Task to complete
Until the line containing "Nostalgic-80s-Pink-and-Blue-Sunset-Landscape" has been reproduced, keep reproducing each line of the material below exactly, starting with the first.

Material for this exercise

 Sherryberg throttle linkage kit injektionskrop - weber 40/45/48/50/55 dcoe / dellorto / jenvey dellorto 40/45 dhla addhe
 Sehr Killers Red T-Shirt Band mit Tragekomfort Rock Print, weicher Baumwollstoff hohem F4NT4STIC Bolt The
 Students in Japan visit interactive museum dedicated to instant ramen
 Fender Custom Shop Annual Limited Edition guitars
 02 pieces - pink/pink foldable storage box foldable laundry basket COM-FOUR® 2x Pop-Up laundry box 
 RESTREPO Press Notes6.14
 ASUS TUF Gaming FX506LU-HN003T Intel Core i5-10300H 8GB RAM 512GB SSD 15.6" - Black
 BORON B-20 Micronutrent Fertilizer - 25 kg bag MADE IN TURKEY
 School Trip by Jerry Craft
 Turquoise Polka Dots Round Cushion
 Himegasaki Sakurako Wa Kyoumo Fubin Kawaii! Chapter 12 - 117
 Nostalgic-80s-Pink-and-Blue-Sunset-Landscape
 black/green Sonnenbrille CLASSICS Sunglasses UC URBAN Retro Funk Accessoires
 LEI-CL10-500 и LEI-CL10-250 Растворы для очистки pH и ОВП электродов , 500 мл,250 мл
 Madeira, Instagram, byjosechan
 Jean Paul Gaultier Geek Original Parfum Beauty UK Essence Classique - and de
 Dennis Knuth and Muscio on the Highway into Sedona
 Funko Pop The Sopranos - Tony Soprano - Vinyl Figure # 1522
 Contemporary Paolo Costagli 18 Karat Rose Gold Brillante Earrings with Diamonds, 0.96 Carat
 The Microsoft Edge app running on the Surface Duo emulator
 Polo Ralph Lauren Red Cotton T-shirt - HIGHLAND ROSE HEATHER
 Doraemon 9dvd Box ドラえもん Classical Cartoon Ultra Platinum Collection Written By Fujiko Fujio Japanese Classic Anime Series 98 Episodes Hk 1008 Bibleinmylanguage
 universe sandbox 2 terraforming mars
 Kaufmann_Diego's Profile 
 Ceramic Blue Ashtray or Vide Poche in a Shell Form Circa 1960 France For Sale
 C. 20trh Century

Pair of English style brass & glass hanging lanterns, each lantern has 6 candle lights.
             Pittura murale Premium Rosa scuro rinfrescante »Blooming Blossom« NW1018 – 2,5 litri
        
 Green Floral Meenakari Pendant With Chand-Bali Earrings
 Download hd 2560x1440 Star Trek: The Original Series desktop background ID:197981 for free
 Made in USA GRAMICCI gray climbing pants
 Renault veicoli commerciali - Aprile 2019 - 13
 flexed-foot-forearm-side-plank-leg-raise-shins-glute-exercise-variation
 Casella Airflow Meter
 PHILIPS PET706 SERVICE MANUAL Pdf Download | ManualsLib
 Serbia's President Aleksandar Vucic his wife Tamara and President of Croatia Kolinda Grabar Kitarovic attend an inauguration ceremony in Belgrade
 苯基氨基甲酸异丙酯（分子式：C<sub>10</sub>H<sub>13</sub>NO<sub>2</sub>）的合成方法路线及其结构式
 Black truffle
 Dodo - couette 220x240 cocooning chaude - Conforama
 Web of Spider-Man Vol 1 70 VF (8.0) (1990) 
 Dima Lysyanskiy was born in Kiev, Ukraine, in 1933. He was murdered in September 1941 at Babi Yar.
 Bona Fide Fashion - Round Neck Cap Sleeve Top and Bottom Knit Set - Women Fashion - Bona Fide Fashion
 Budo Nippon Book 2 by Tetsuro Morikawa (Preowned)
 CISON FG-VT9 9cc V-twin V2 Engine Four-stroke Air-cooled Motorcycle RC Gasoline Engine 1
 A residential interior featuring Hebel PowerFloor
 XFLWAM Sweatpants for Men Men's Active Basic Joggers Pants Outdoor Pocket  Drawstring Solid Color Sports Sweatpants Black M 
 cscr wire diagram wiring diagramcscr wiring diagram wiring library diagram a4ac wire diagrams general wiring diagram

Output of the exercise
 Sherryberg throttle linkage kit injektionskrop - weber 40/45/48/50/55 dcoe / dellorto / jenvey dellorto 40/45 dhla addhe
 Sehr Killers Red T-Shirt Band mit Tragekomfort Rock Print, weicher Baumwollstoff hohem F4NT4STIC Bolt The
 Students in Japan visit interactive museum dedicated to instant ramen
 Fender Custom Shop Annual Limited Edition guitars
 02 pieces - pink/pink foldable storage box foldable laundry basket COM-FOUR® 2x Pop-Up laundry box 
 RESTREPO Press Notes6.14
 ASUS TUF Gaming FX506LU-HN003T Intel Core i5-10300H 8GB RAM 512GB SSD 15.6" - Black
 BORON B-20 Micronutrent Fertilizer - 25 kg bag MADE IN TURKEY
 School Trip by Jerry Craft
 Turquoise Polka Dots Round Cushion
 Himegasaki Sakurako Wa Kyoumo Fubin Kawaii! Chapter 12 - 117
 Nostalgic-80s-Pink-and-Blue-Sunset-Landscape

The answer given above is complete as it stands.